Jeff you'll love black locust. I would love to get enough from to you to make a xylophone with! here's a great article on Woodweb about it. Worth a read.


----------



## brown down (Feb 19, 2013)

wow who would have thought that this is some of the most durable wood out there! I think i will take whatever i can get! only problem i am foreseeing is milling it. no way will i be able to mill that with my bandsaw. chainsaw will be the only way i see possible. most of my chains are sharpened to a rip chain, which should add to the longevity of them but i guess i will just have to give it a whirl! heck some of the logs that are down there are 2 - 2 1/2 ft diameter! they are unbelievably heavy heck i thought that was just the moisture due to them being fell a couple of weeks ago, guess i was wrong!!


----------



## Vern Tator (Feb 21, 2013)

BL is cool to turn, I have seen guys turn natural edged bowls, an then fume them with Ammonia. The heart wood turns black and the sap wood stays white. Really a cool look. HL turns a sickly green when fumed, I won't do that again.


----------



## Kevin (Feb 21, 2013)

Jeff you really need to find a local sawyer as much wood as you mill. The problem with milling small turning blanks with a chainsaw is they are so "unflat, unsquare, and ungainly". It's difficult to find the centers so they must be squared up and that is very difficult usually because they want to flop around. If you continue to use a cs to cut blanks I suggest you fabricate a simple mill so the blanks come out with straight, flat, and closer to 90 than what you're getting free-handing. It really would be worth the effort for you IMO.


----------



## brown down (Feb 22, 2013)

Kevin said:


> Jeff you really need to find a local sawyer as much wood as you mill. The problem with milling small turning blanks with a chainsaw is they are so "unflat, unsquare, and ungainly". It's difficult to find the centers so they must be squared up and that is very difficult usually because they want to flop around. If you continue to use a cs to cut blanks I suggest you fabricate a simple mill so the blanks come out with straight, flat, and closer to 90 than what you're getting free-handing. It really would be worth the effort for you IMO.
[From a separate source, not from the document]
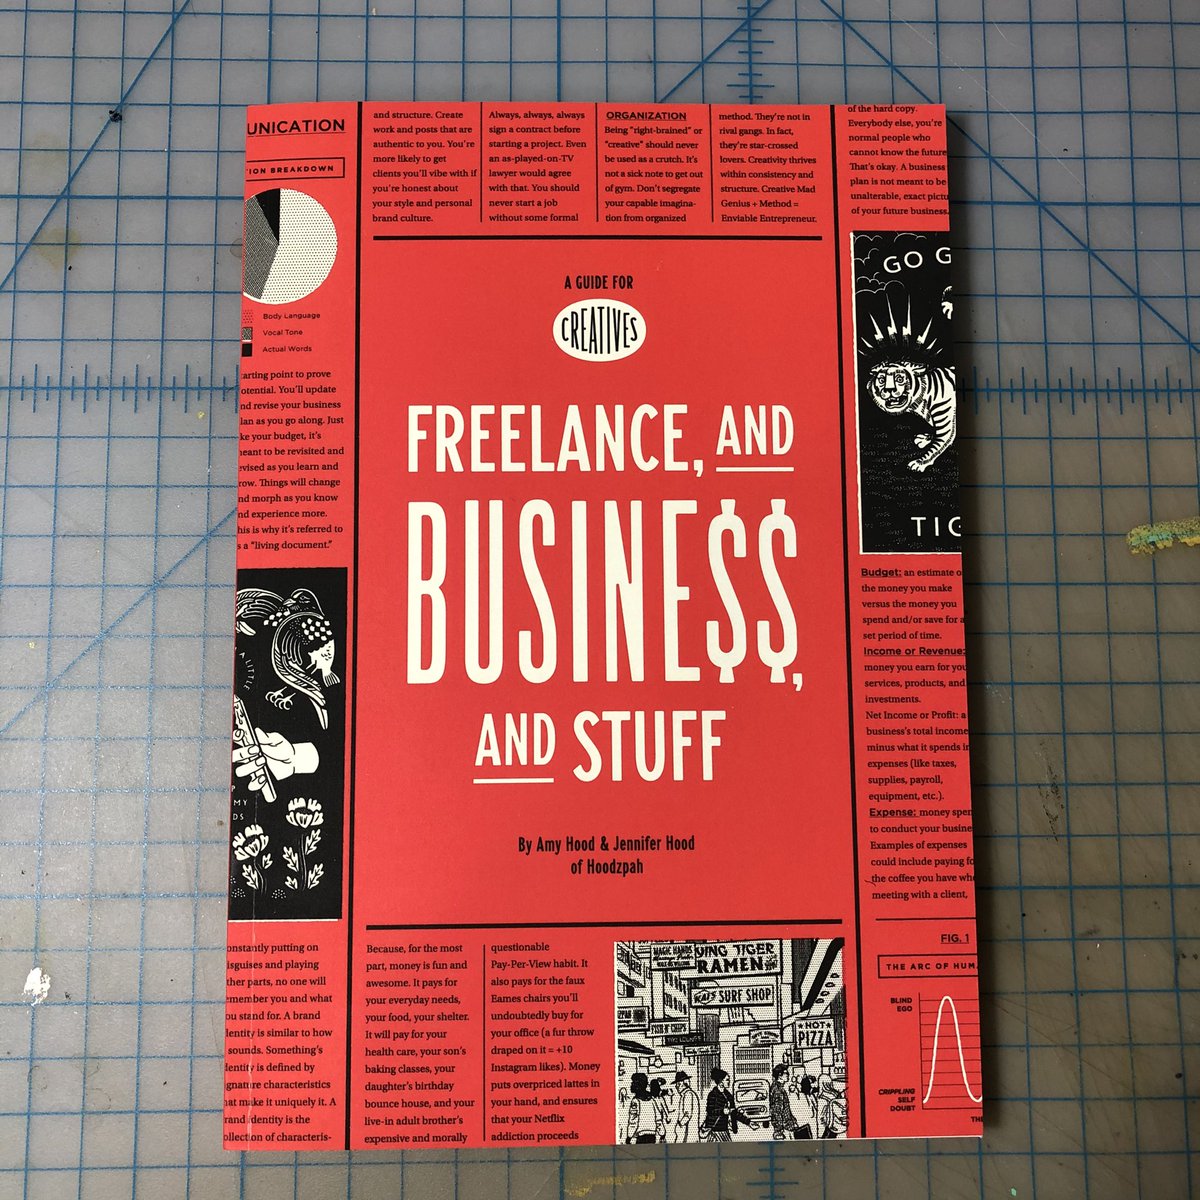 Freelance, and business, and stuff by  @hoodzpahdesign On building a brand, business plan, budget, taxes and more! I wish this came out when I started 11 years ago.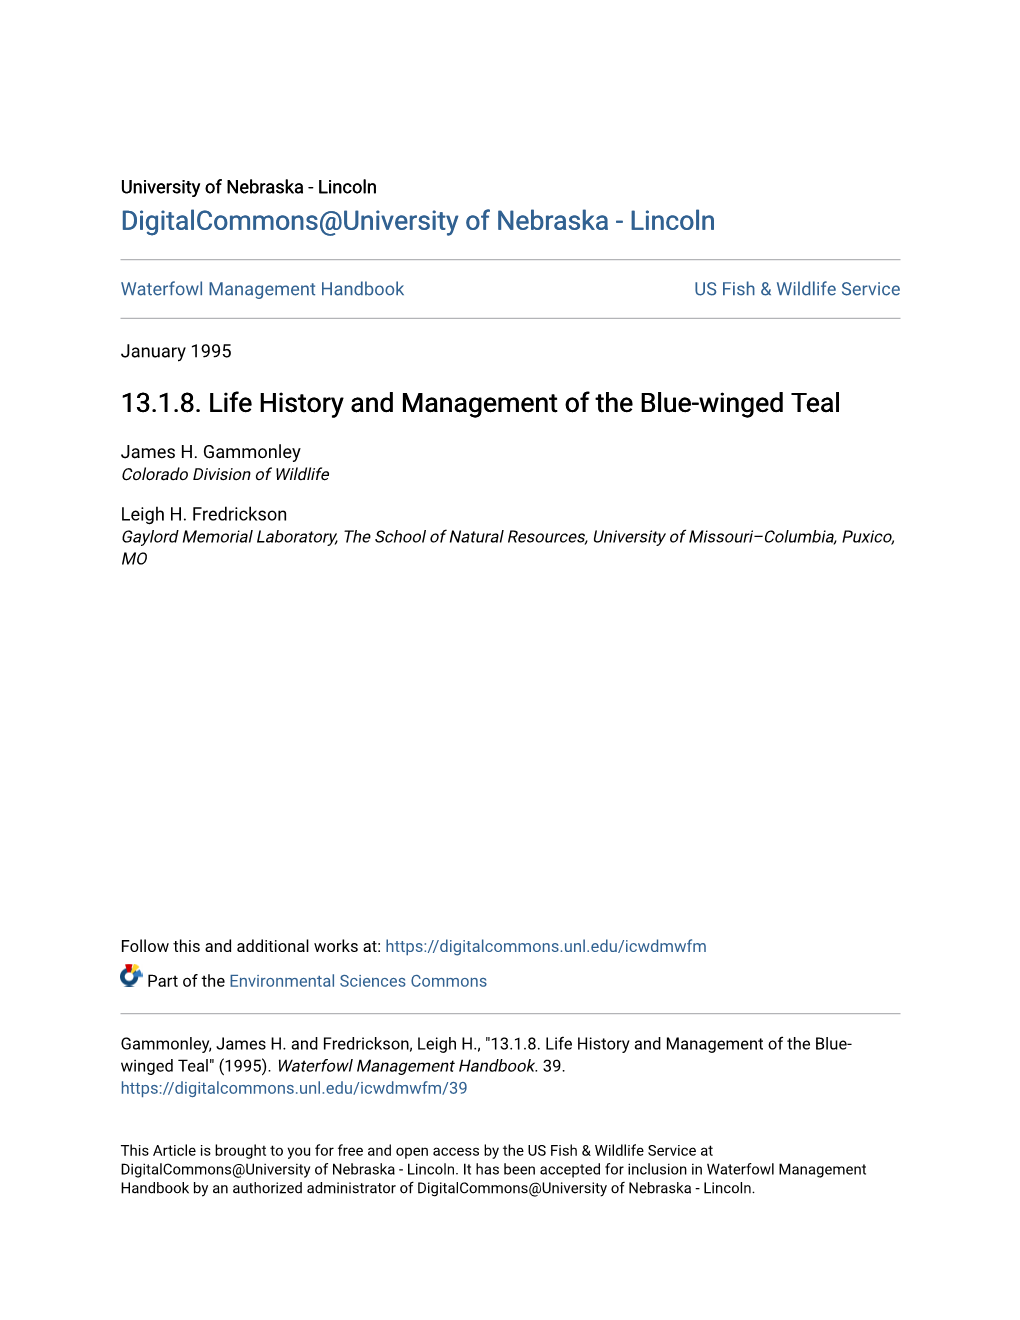 13.1.8. Life History and Management of the Blue-Winged Teal

I am still on the boarder of fabricating a mill or buying one..... the price they charge up here for a sawyer to come out is ridiculous and even taking it to the one mill wouldn't be cost effective either, they are around $ 350 hr
for that price and the amount i saw i might as well build one of my own. just on the fence as to what would be the best design, either a bandsaw mill or a chain sawmill??? what do you or anyone suggest?


----------



## Mike1950 (Feb 22, 2013)

I own neither but band would be my choice.


----------



## Kevin (Feb 22, 2013)

brown down said:


> Kevin said:
> 
> 
> > Jeff you really need to find a local sawyer as much wood as you mill. The problem with milling small turning blanks with a chainsaw is they are so "unflat, unsquare, and ungainly". It's difficult to find the centers so they must be squared up and that is very difficult usually because they want to flop around. If you continue to use a cs to cut blanks I suggest you fabricate a simple mill so the blanks come out with straight, flat, and closer to 90 than what you're getting free-handing. It really would be worth the effort for you IMO.
> ...



$350 an hour? That can't be right. I don't do much mobile milling but I charge $75 hour and down here that's higher than average. You must be talking about what a commercial circle mill charges. You don't want to take them to a circle mill anyway you don't have enough logs. If you have a couple semi trailer loads then taking them to a circle mill starts to make sense. 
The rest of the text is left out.